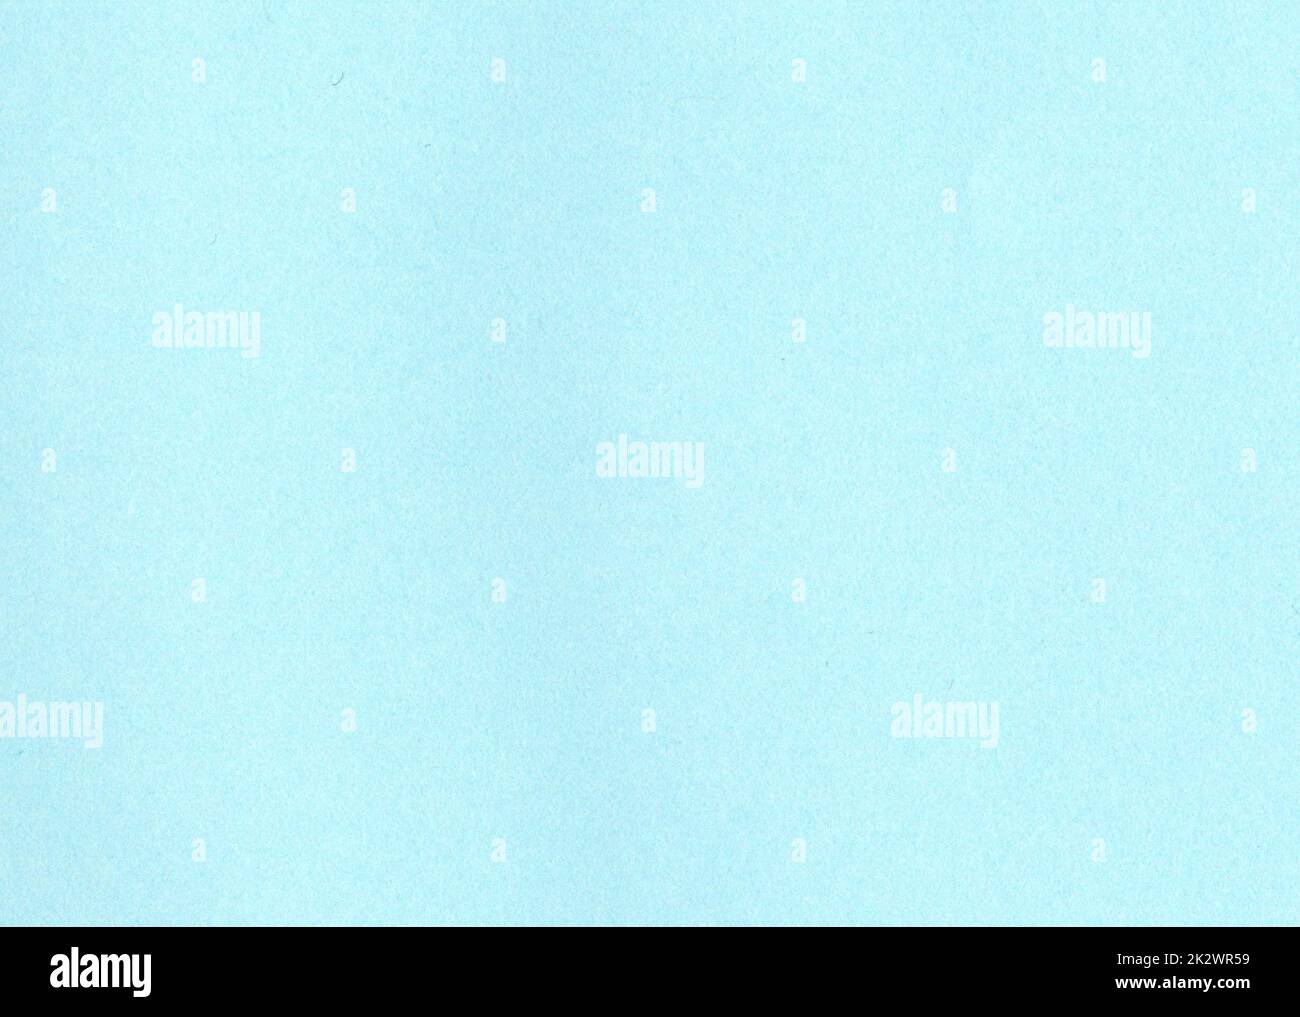 Hochauflösende Nahaufnahme großes Bild von Licht, Himmel, babyblau unbeschichteter Papierstruktur Hintergrund mit feinkörniger Faser und Staubpartikeln glatte, matte Tapete mit Platz zum Kopieren von Text Stockfoto
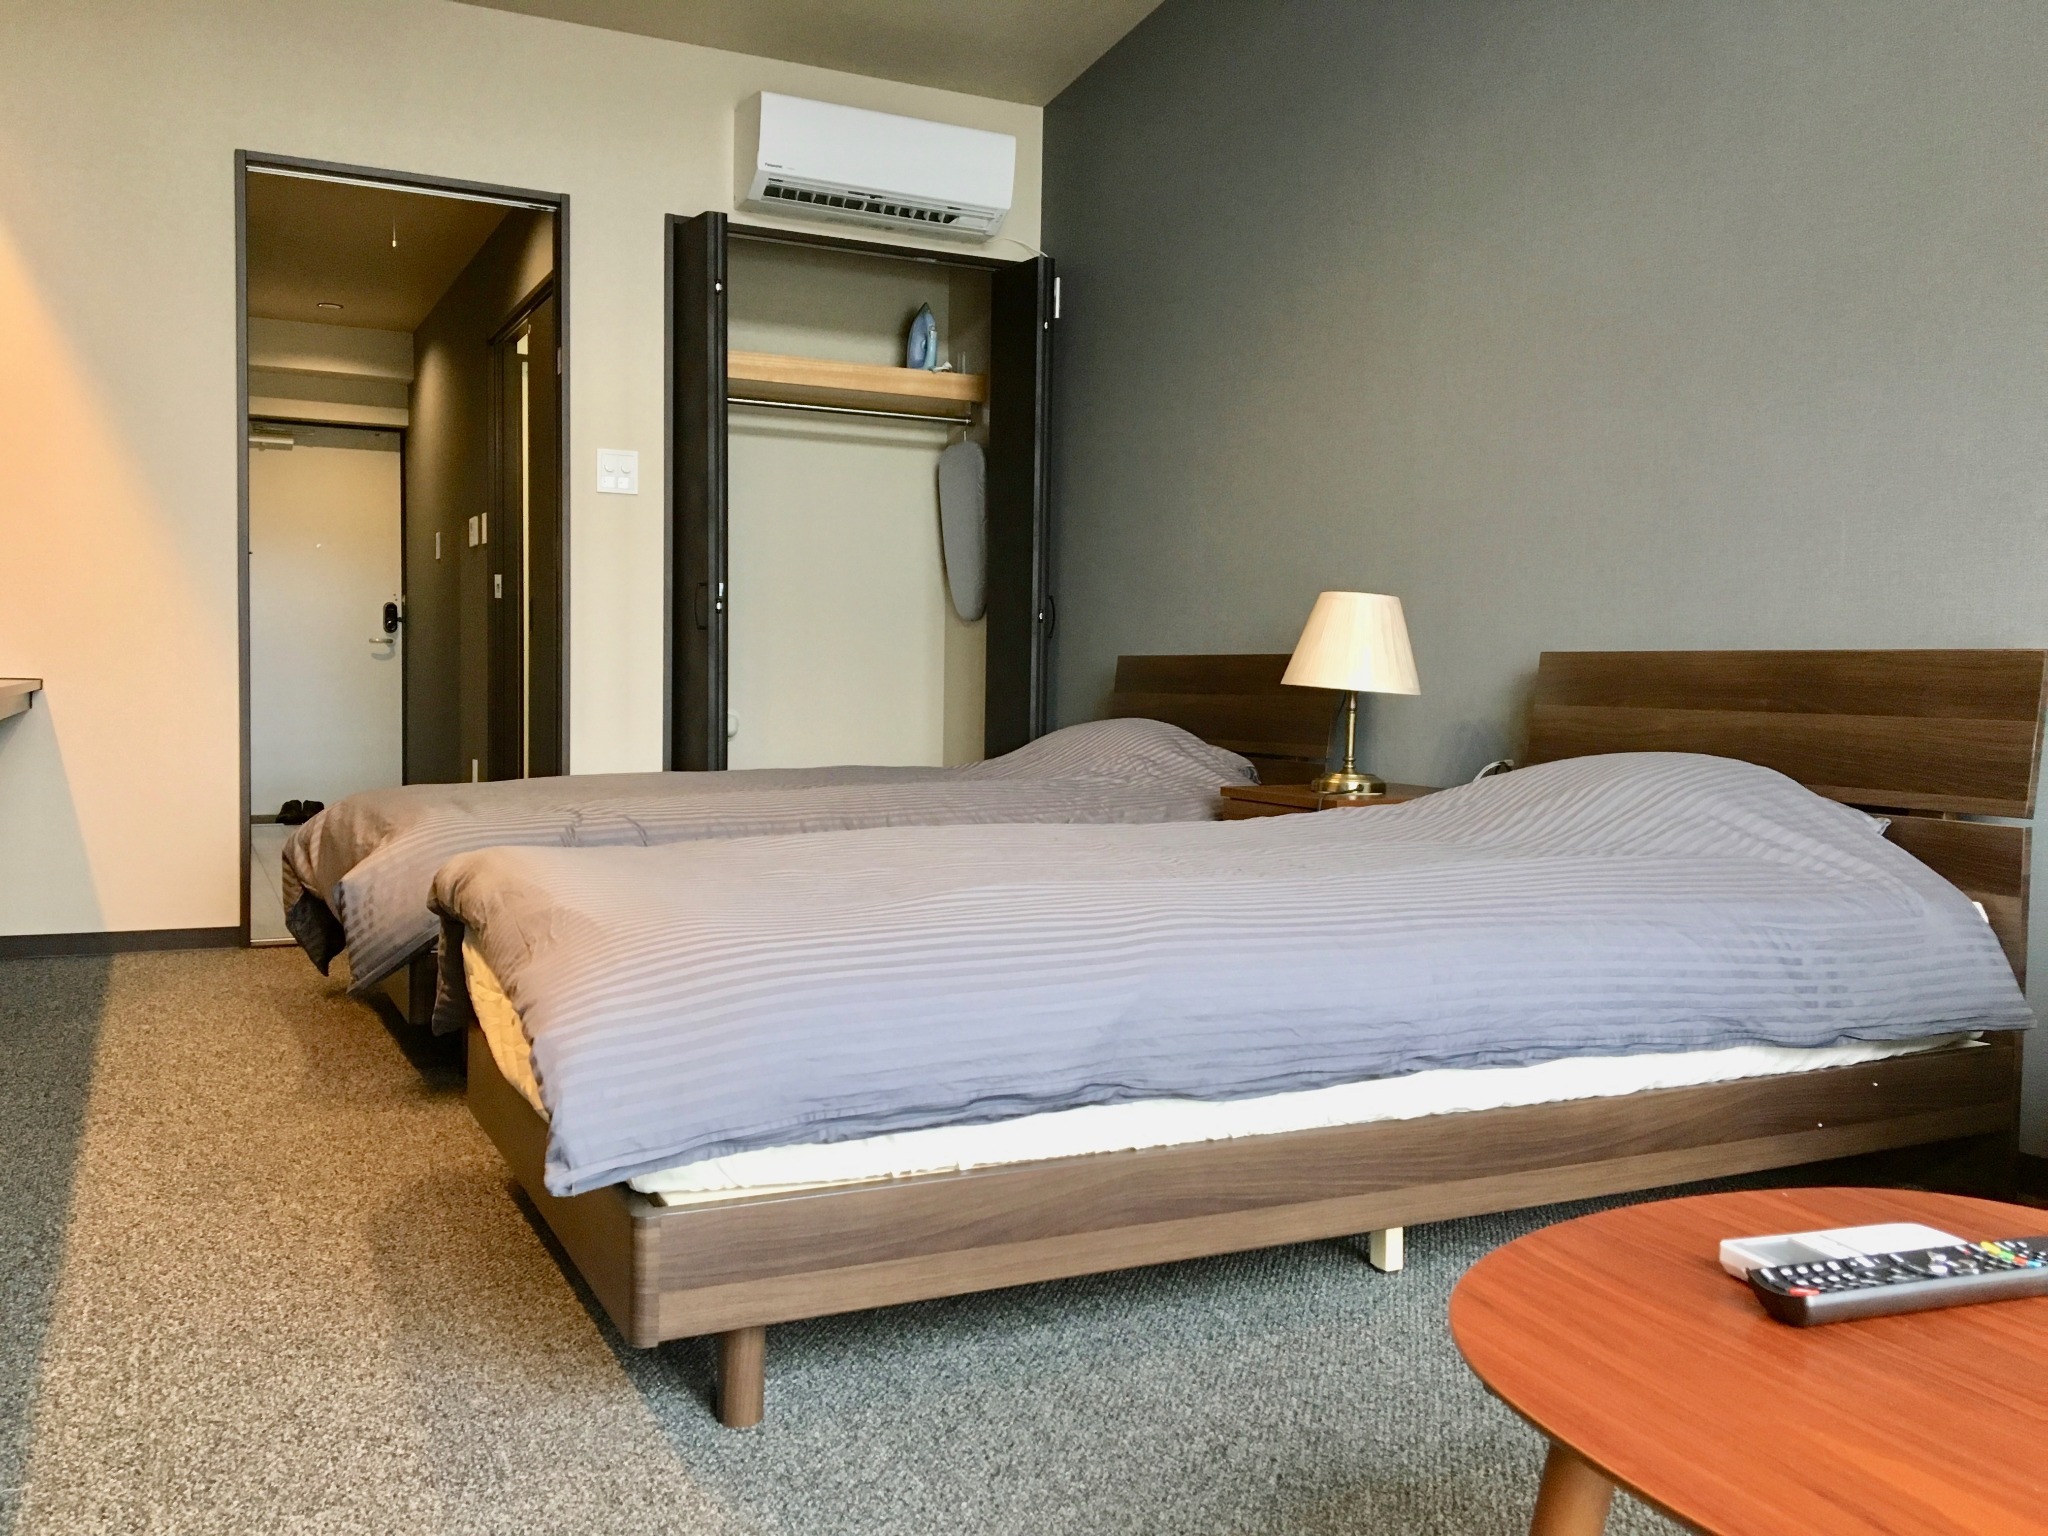 #203:ホテル仕様のお部屋でリラックスできる空間
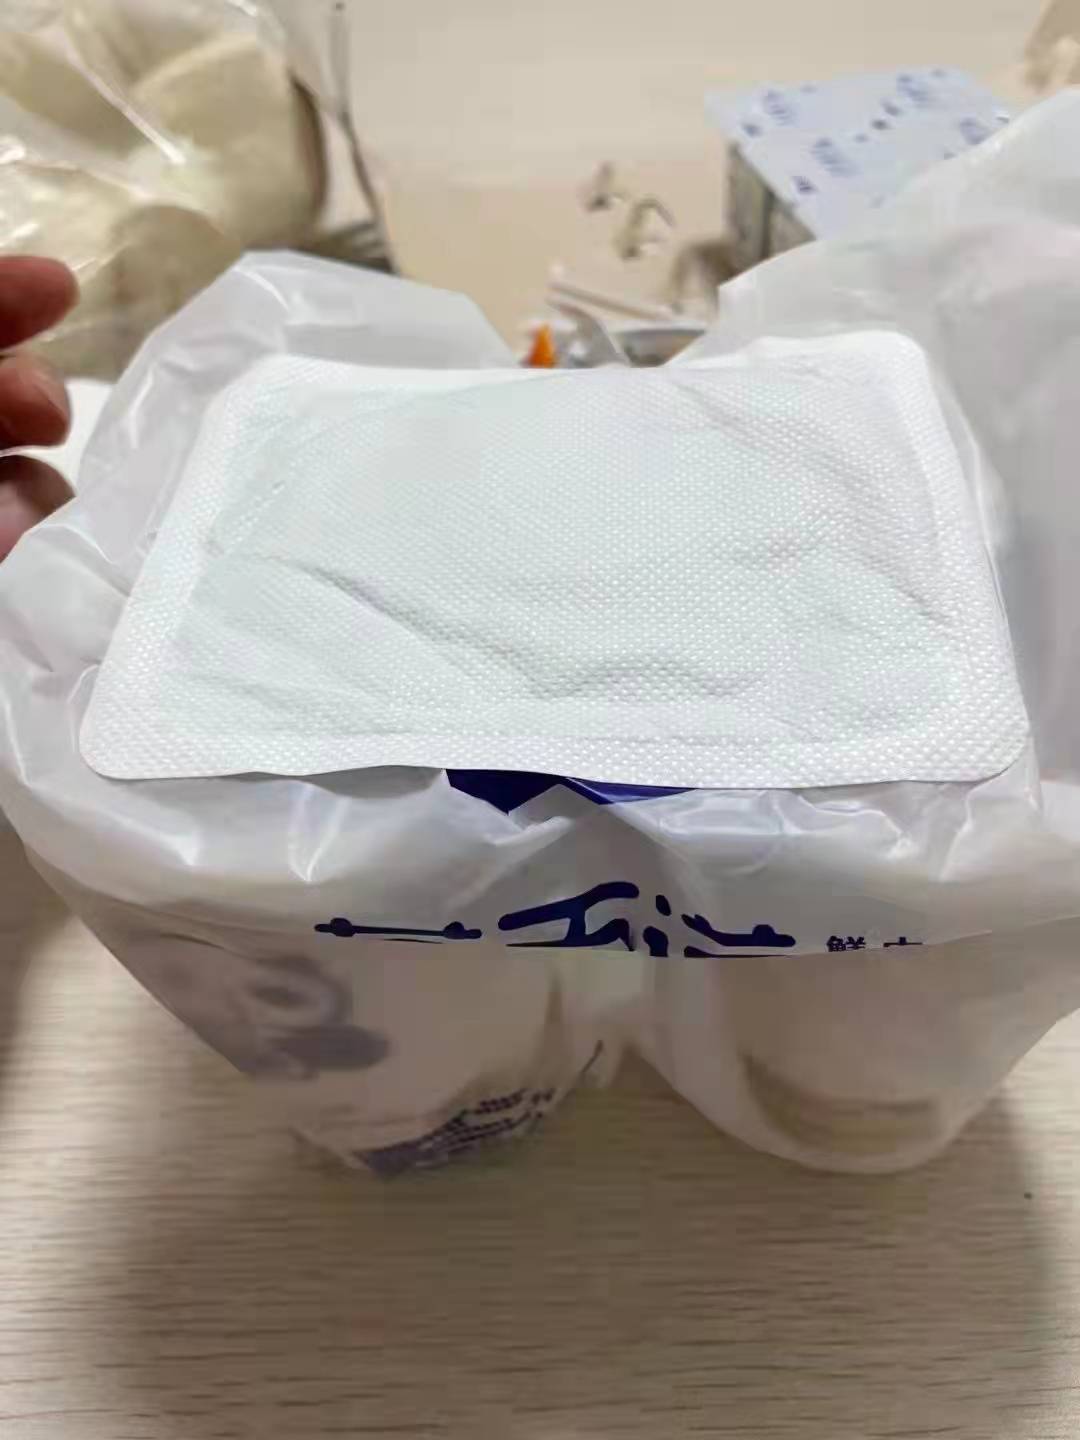 直击郑州核酸检测现场：居民送奶茶担心凉 给奶茶贴上暖宝宝
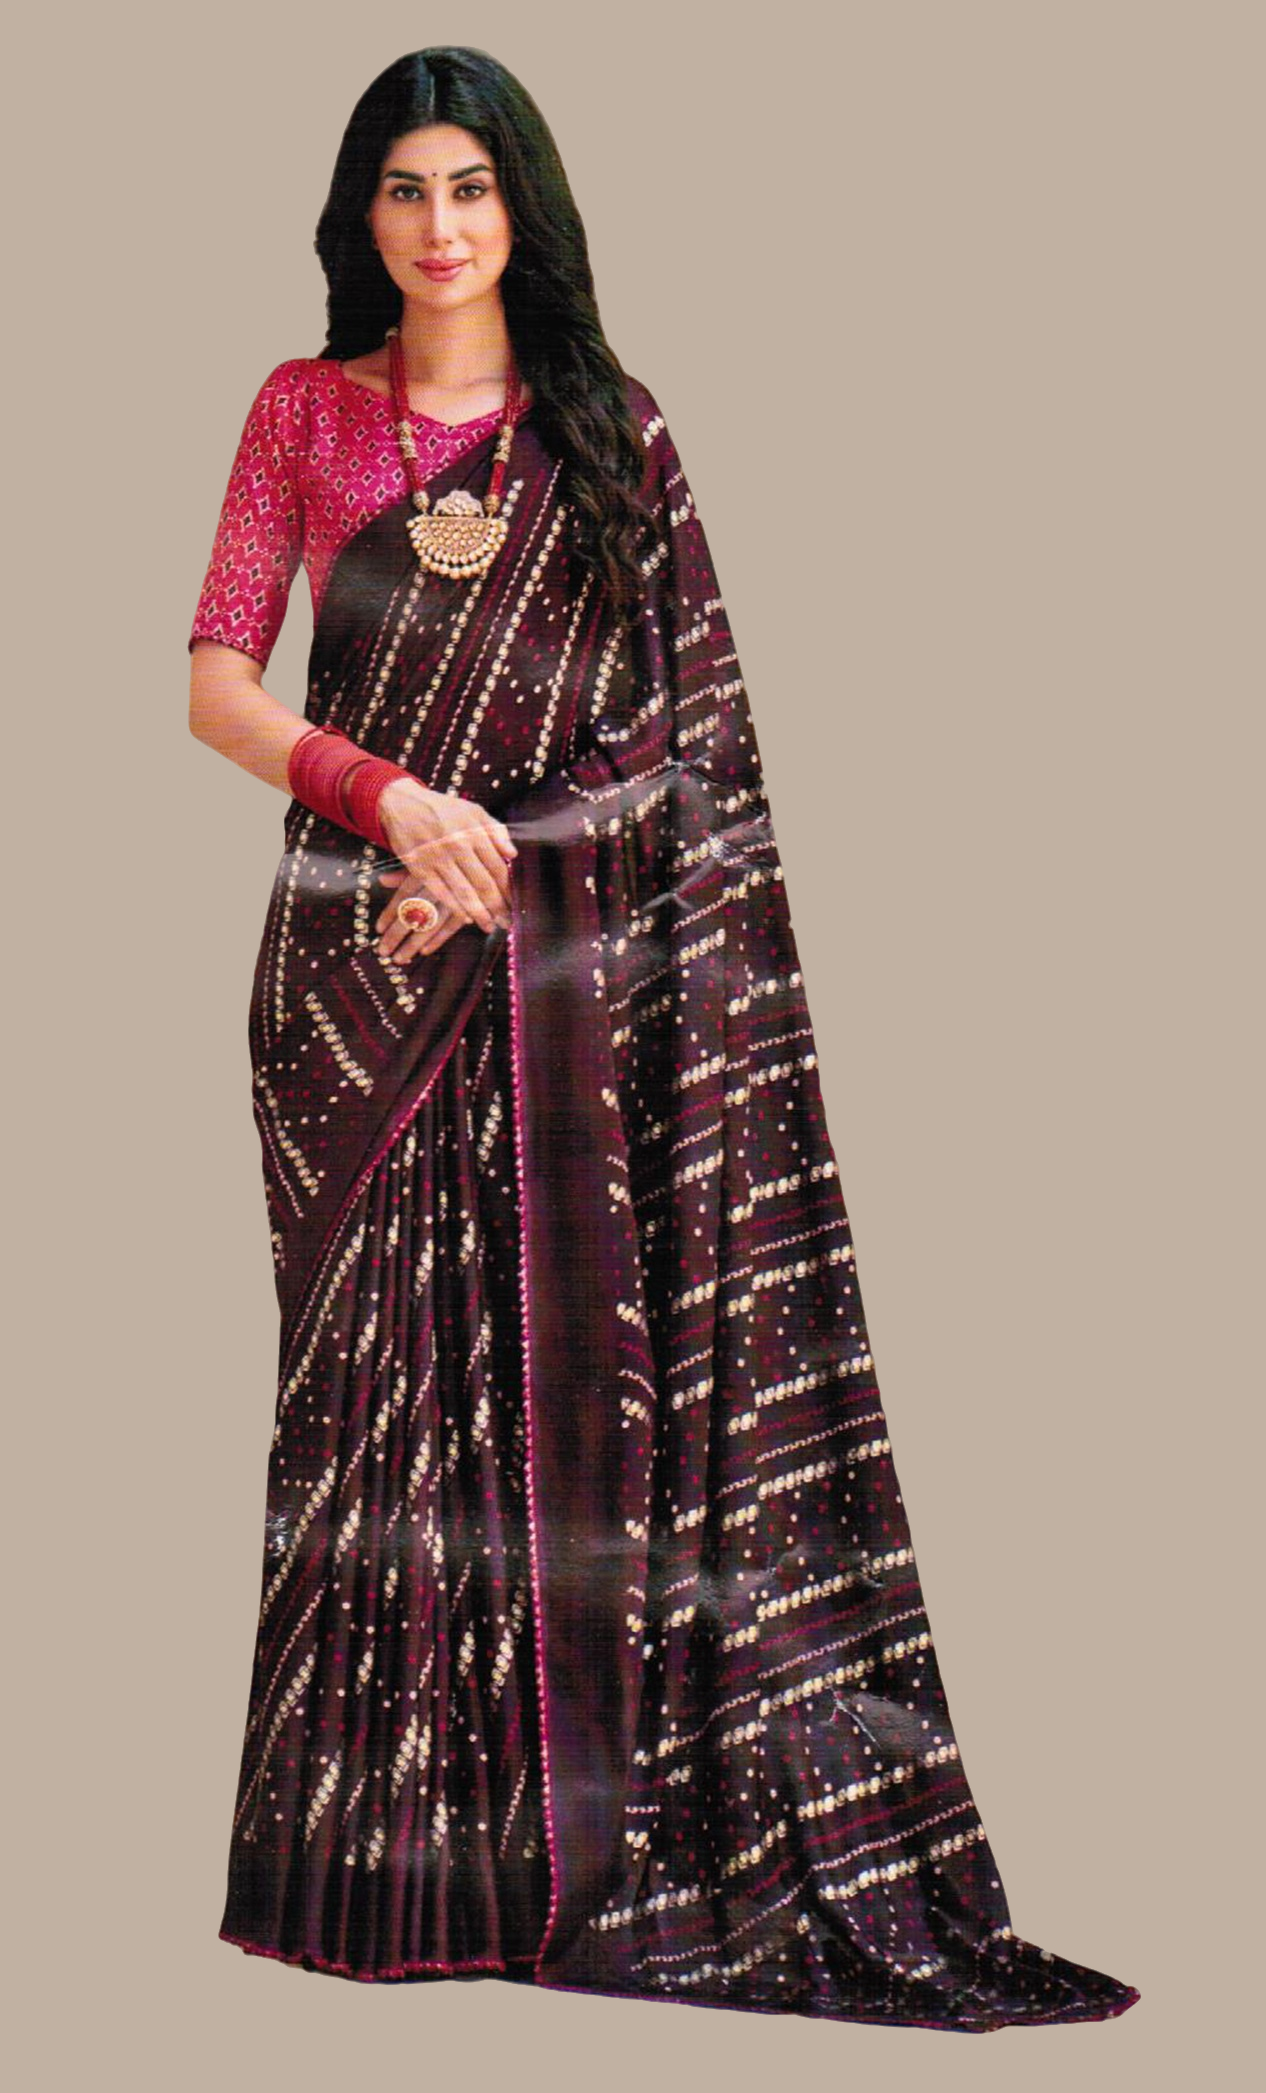 Plum Printed Sari

__TASK PROMPT__: Images are to be skipped, and each line above is to be returned exactly.

__EXERCISE RESULT__:
 Hochauflösende Nahaufnahme großes Bild von Licht, Himmel, babyblau unbeschichteter Papierstruktur Hintergrund mit feinkörniger Faser und Staubpartikeln glatte, matte Tapete mit Platz zum Kopieren von Text Stockfoto
 #203:ホテル仕様のお部屋でリラックスできる空間
 直击郑州核酸检测现场：居民送奶茶担心凉 给奶茶贴上暖宝宝
 Plum Printed Sari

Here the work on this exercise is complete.